Task directions.
Please output exactly the lines below, starting at the line that has "Bork Havn, Denmark" and ending at the line that has "Fnaitees – large, new, unfurnished", both included; leave out all pictures and include nothing else.

Given data.
::::

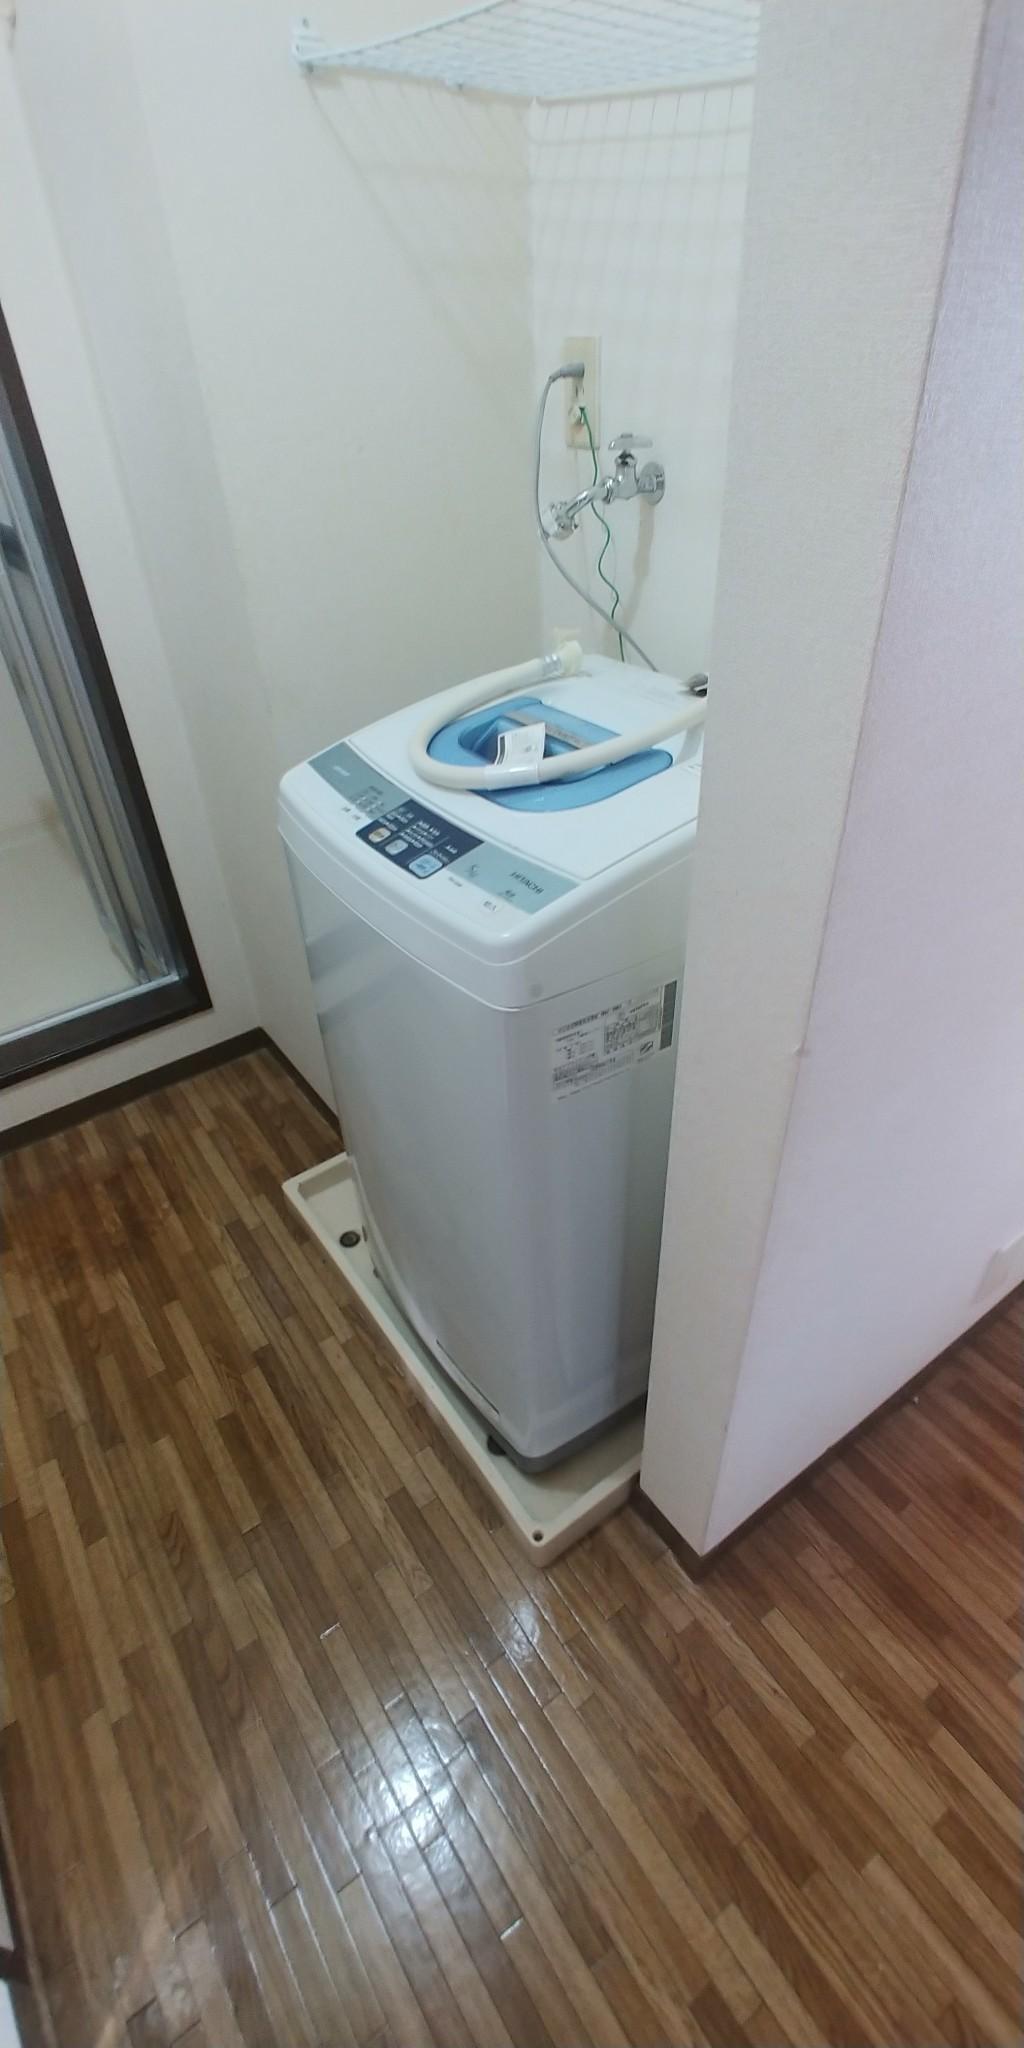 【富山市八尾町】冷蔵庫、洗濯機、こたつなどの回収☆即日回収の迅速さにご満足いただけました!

::::

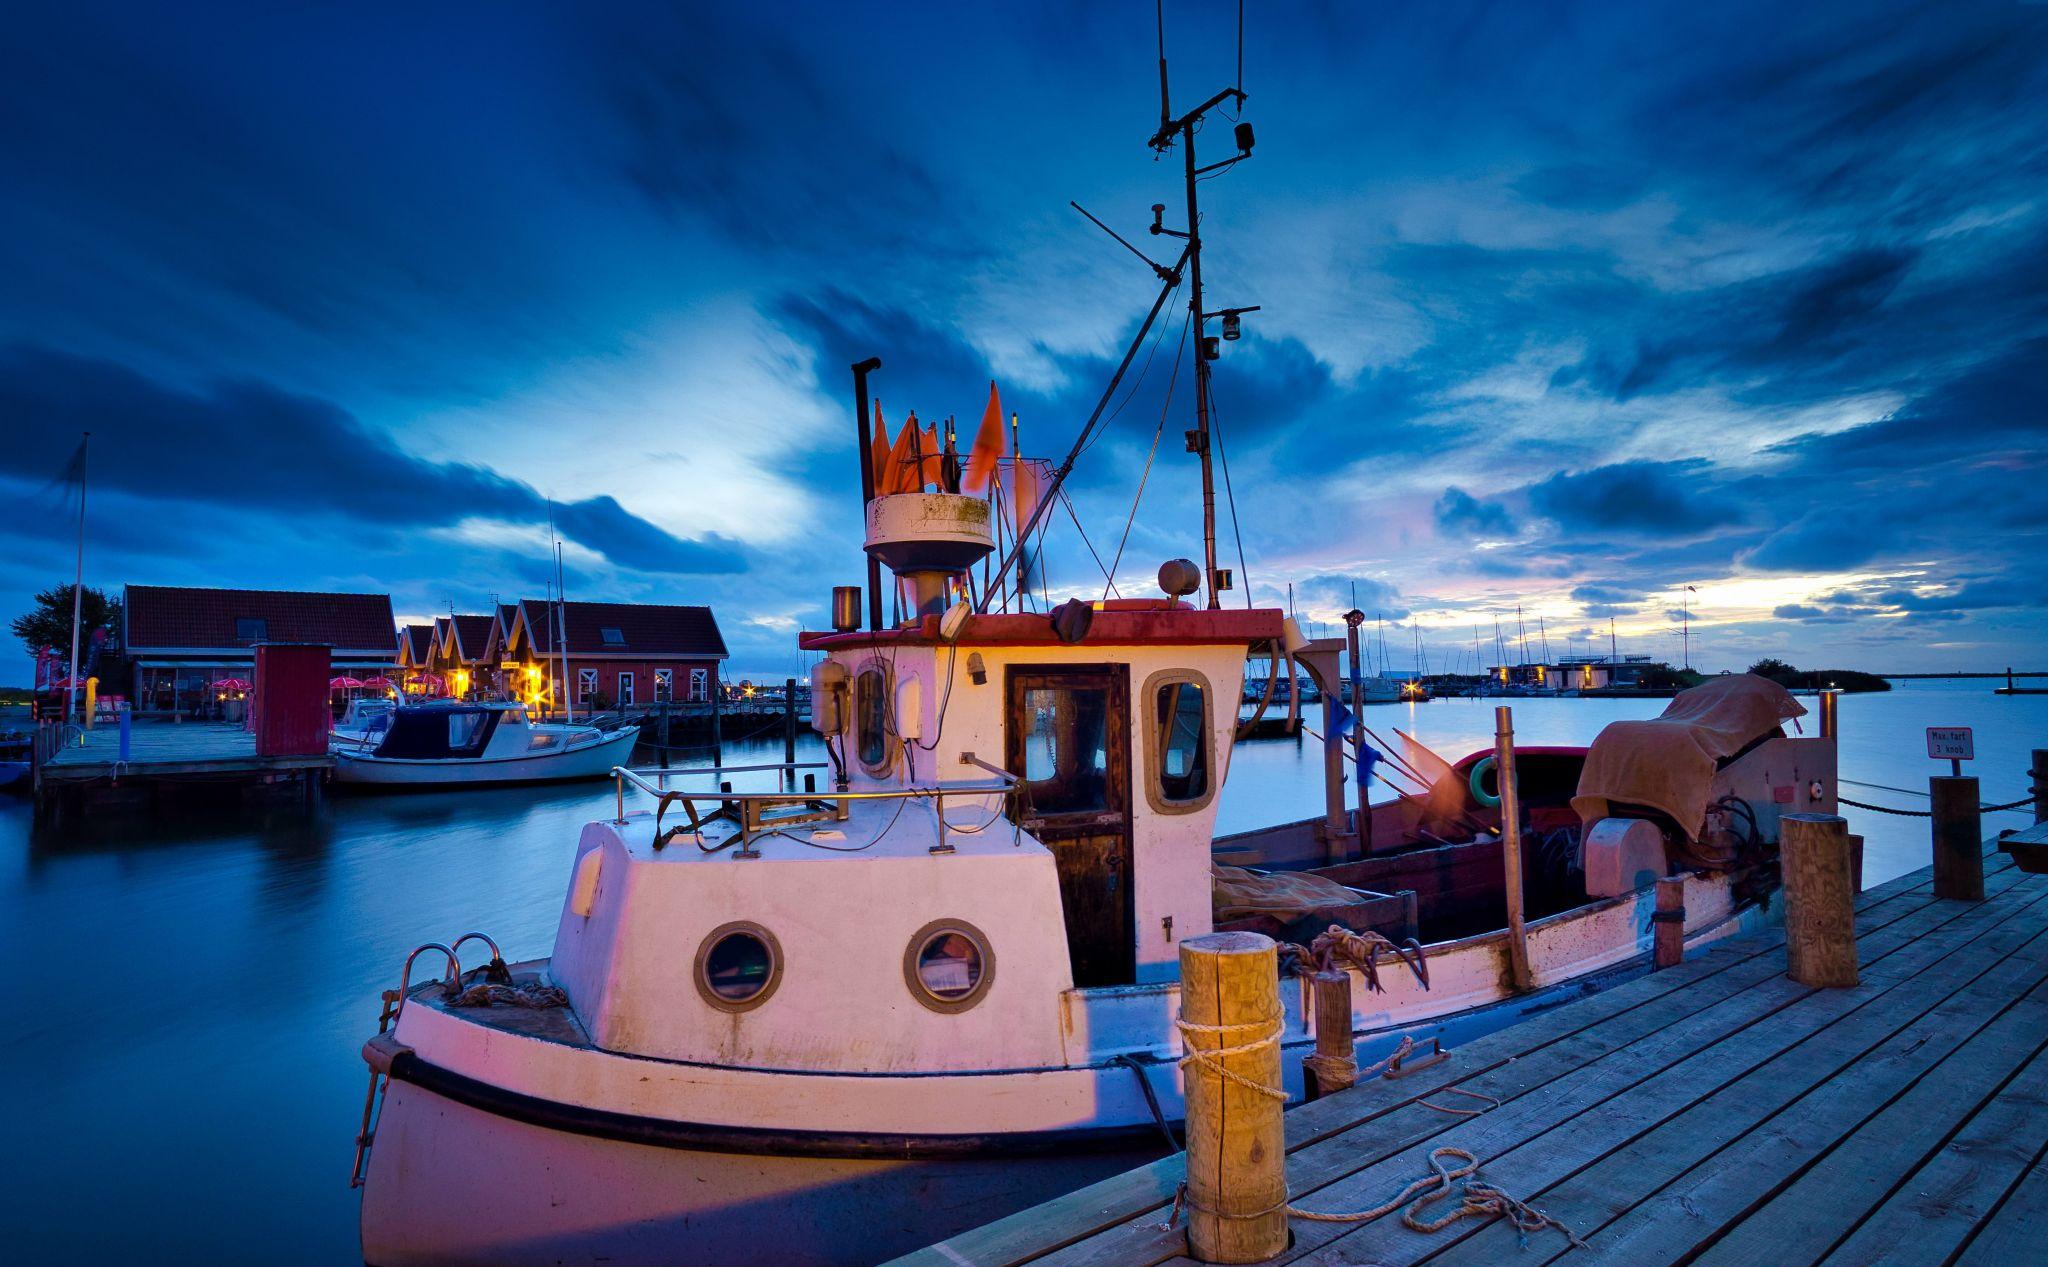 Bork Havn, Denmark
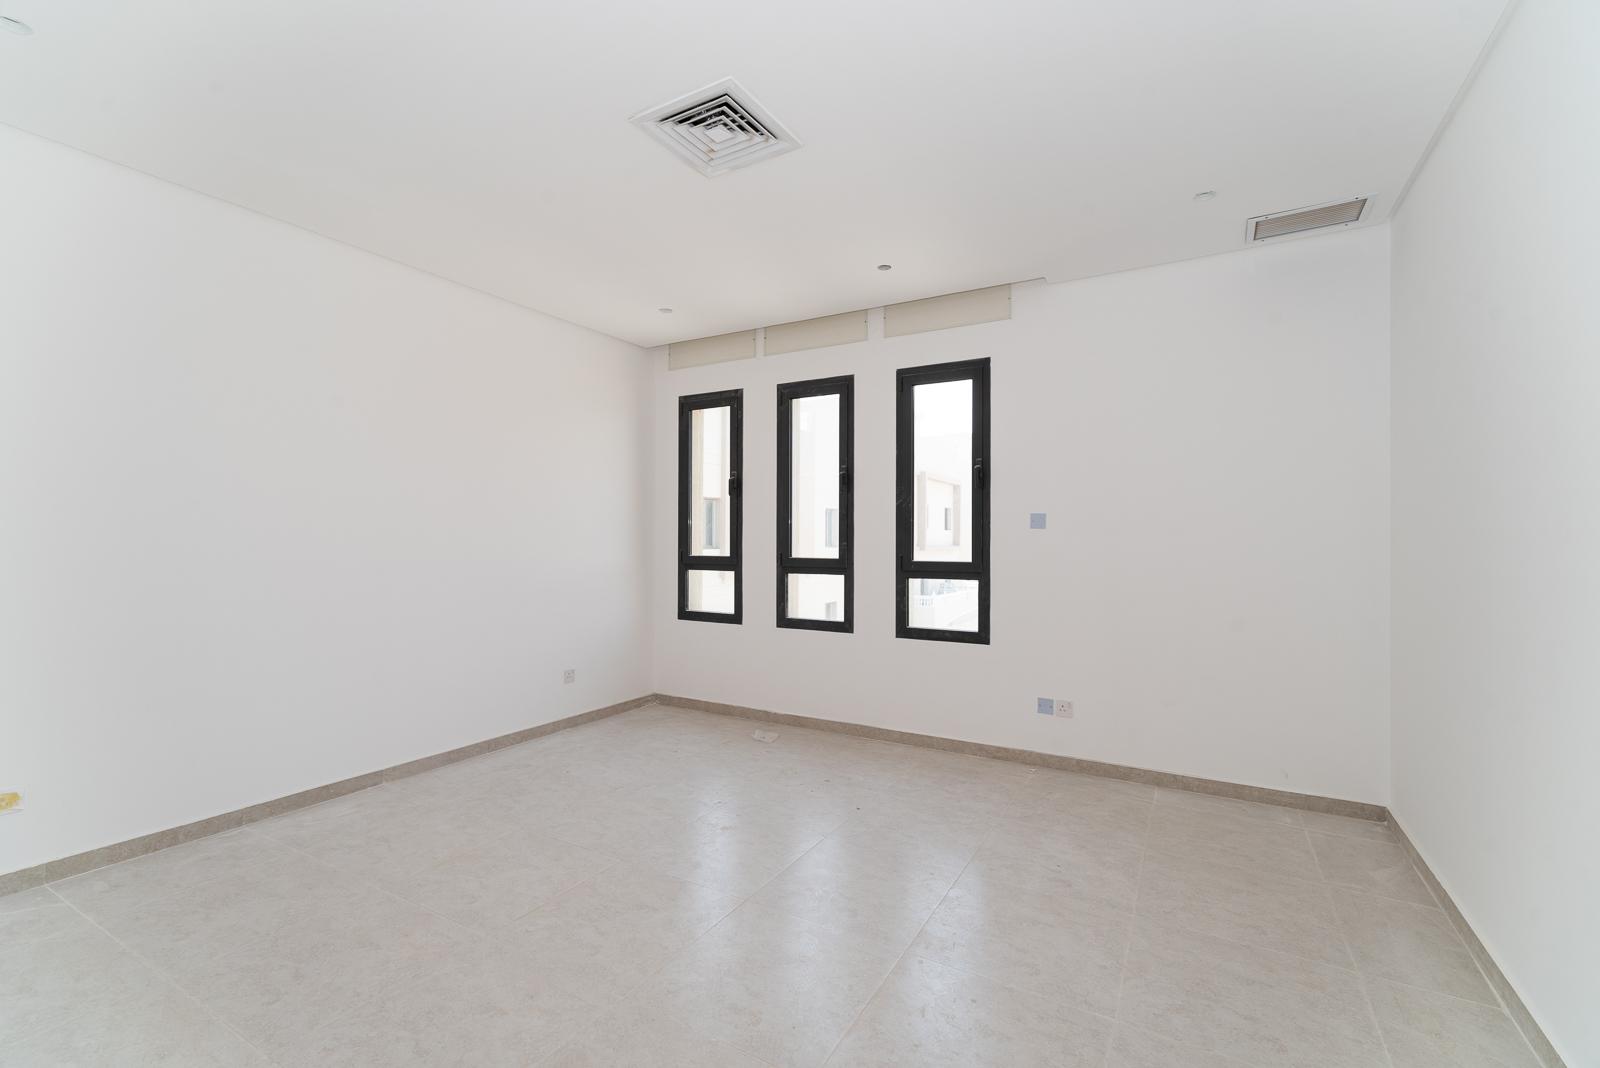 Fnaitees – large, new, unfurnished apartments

::::

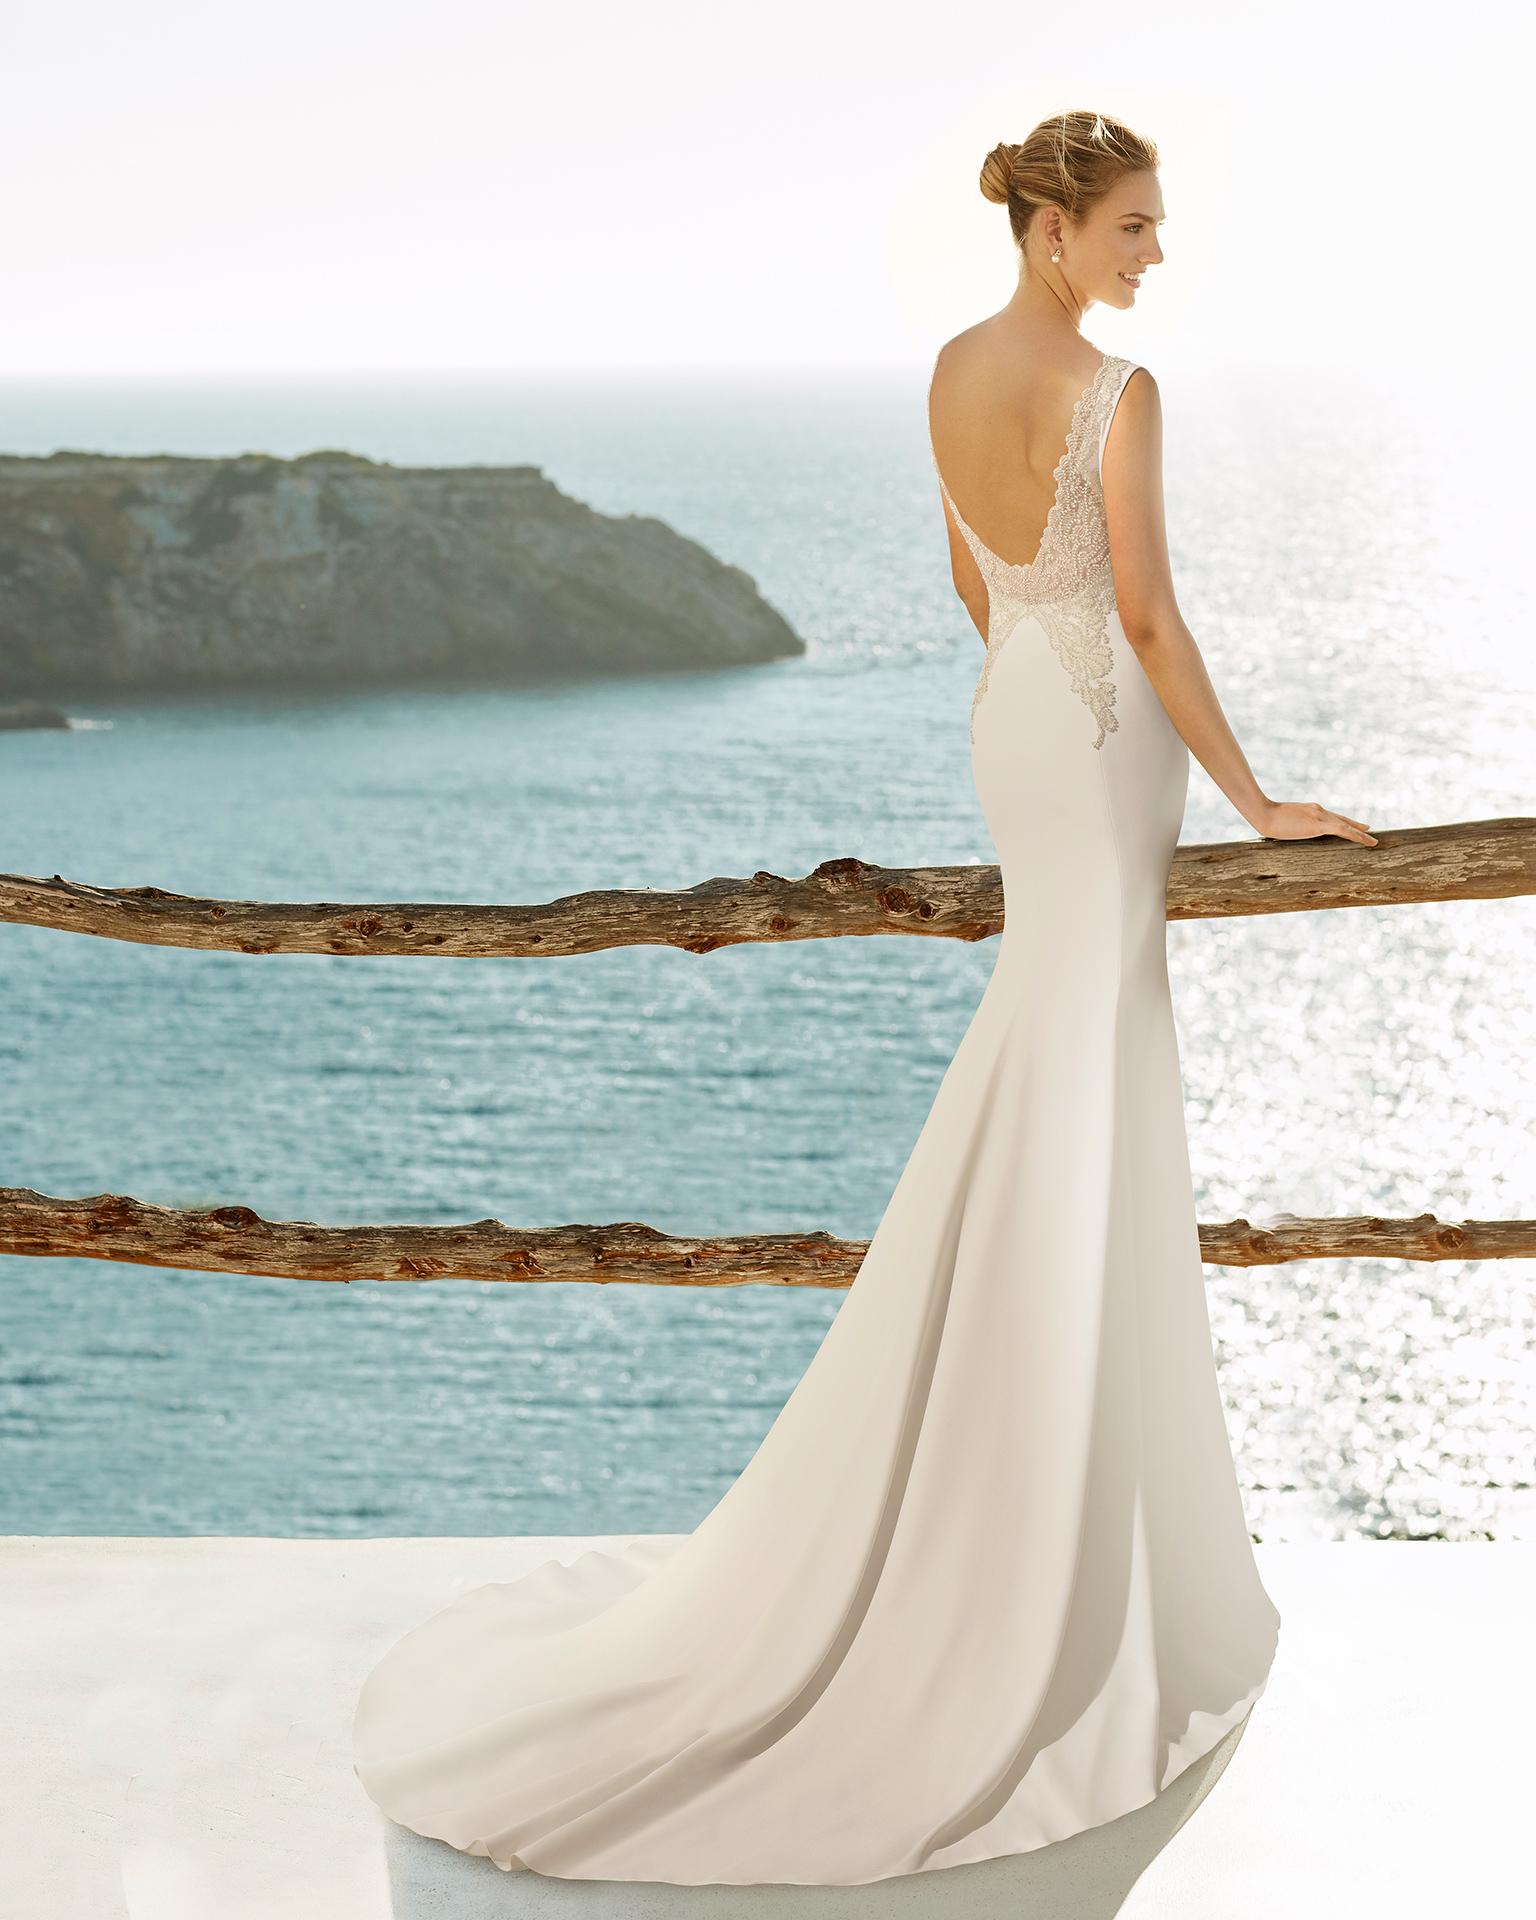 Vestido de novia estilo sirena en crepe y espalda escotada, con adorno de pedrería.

::::

Expected output.
 Bork Havn, Denmark
 Fnaitees – large, new, unfurnished apartments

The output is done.